Natural gas which is produced from a natural gas well is typically separated and purified to provide products for a variety of end uses. The high-pressure mixture produced from the well, i.e. the wellstream, is typically sent to a separator vessel or a series of separator vessels maintained at progressively lower pressures where the wellstream is separated into a gaseous fraction and a liquid fraction.
The gaseous fraction leaving the separator, which may contain the impurities mercury, carbon dioxide and hydrogen sulfide, is sent to a gas treatment and purification plant where, typically, the mercury concentration is reduced to &lt;0.1 micrograms/m.sup.3, the CO.sub.2 concentration is reduced to the parts per million (ppm) level, and the H.sub.2 S to about one (1) ppm.

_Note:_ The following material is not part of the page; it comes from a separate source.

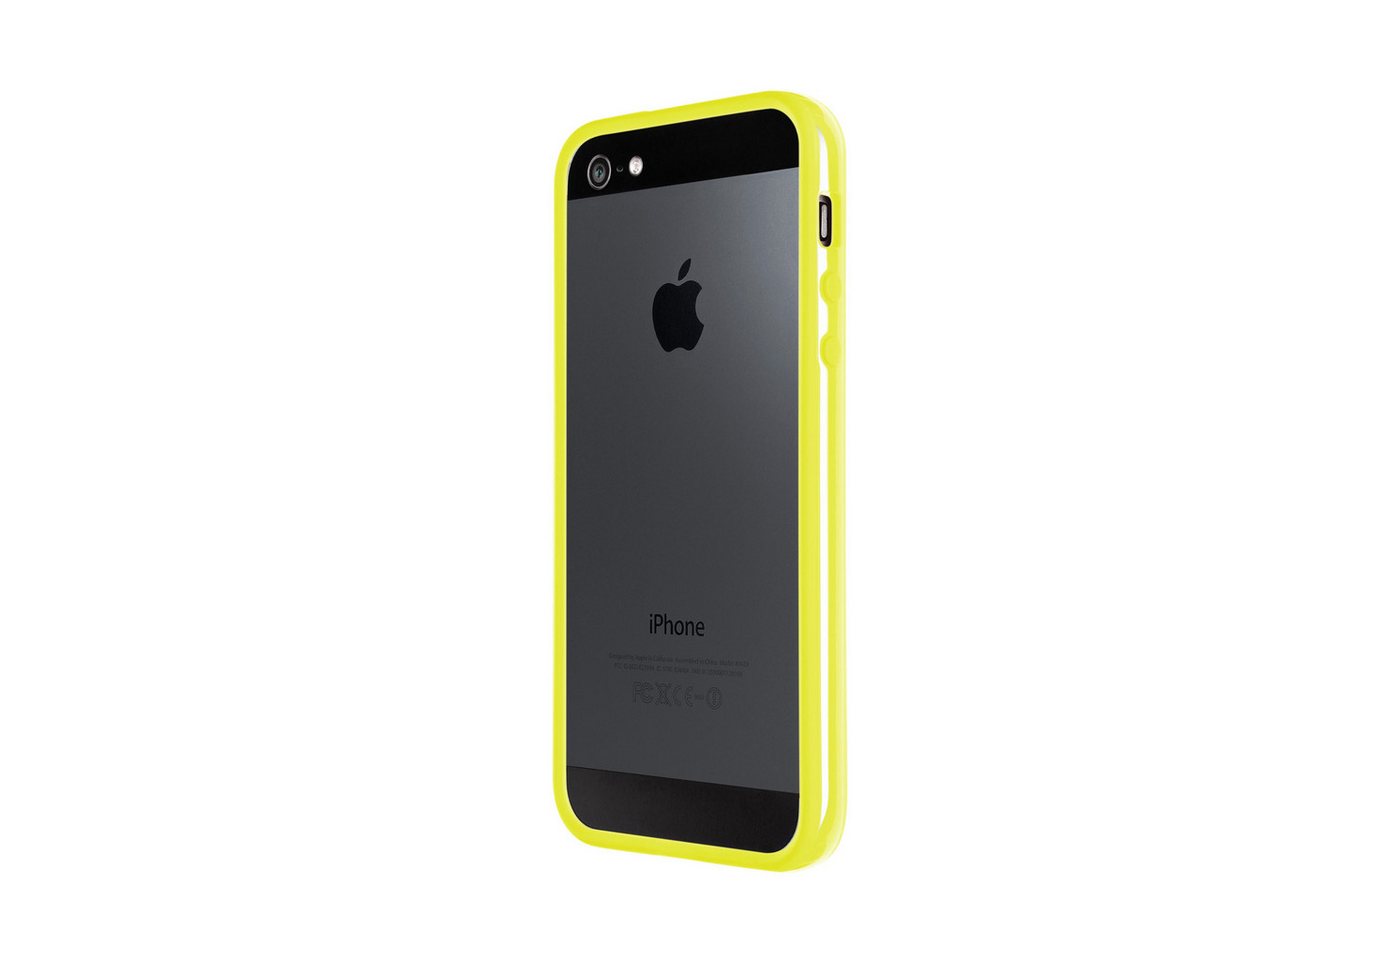 Artwizz Bumper Bumper, Kunststoff Schutzrahmen mit Soft-Touch Beschichtung, Neon Gelb, iPhone SE (2016), iPhone 5S, iPhone 5 von Artwizz

The purification of the gaseous fraction is commonly achieved by passing the gaseous fraction over a bed of activated carbon which has been impregnated with sulfur. In this step, the mercury in the gas reacts with the sulfur and is essentially removed from the gaseous fraction. Typically, the mercury content of the gas can be reduced from about 250 micrograms/m.sup.3 or higher to less than about 0.1 micrograms/m.sup.3.

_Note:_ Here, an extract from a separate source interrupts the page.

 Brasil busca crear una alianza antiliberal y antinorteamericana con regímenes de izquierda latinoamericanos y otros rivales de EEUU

The gas leaving the sulfur/carbon bed then could be treated with a hot aqueous potassium carbonate solution which has the ability to absorb CO.sub.2 and H.sub.2 S. This step produces a natural gas stream having a reduced CO.sub.2 and H.sub.2 S content. For example, the CO.sub.2 content of the gas can be reduced from about 15% to about 0.3% and the H.sub.2 S content from about 80 ppm to about 6 ppm.
The natural gas stream which resulted from treatment with the carbonate solution is further treated in order to reduce the amount of CO.sub.2 and H.sub.2 S by treating the gas with an amine solution, e.g. an aqueous solution of diethanolamine. Diethanolamine has the ability to absorb CO.sub.2 and H.sub.2 S, and can typically reduce the CO.sub.2 content from about 0.3% to about 50 ppm, and the H.sub.2 S content from about 6 ppm to about 1 ppm. The natural gas is then washed with water to remove traces of entrained amine. This water wash, however, neither removes residual mercury, typically present in levels of less than 0.1 .mu.g/Nm.sup.3, nor residual H.sub.2 S and CO.sub.2, typically about 1 ppmv and 50 ppmv, respectively.
The washed natural gas is water-saturated and has to be dried prior to liquefaction. Usually drying is achieved by contacting the wet gas with a desiccant in a packed bed specifically designed for this purpose. The desiccant bed undergoes repeated cycles of adsorption and regeneration. To ensure that the desiccant bed retains its integrity during the drying and regeneration cycles, a protective layer of inert alumina spheres having a depth of about 1-2 ft., and which are somewhat larger than the desiccant particles, is placed over the desiccant.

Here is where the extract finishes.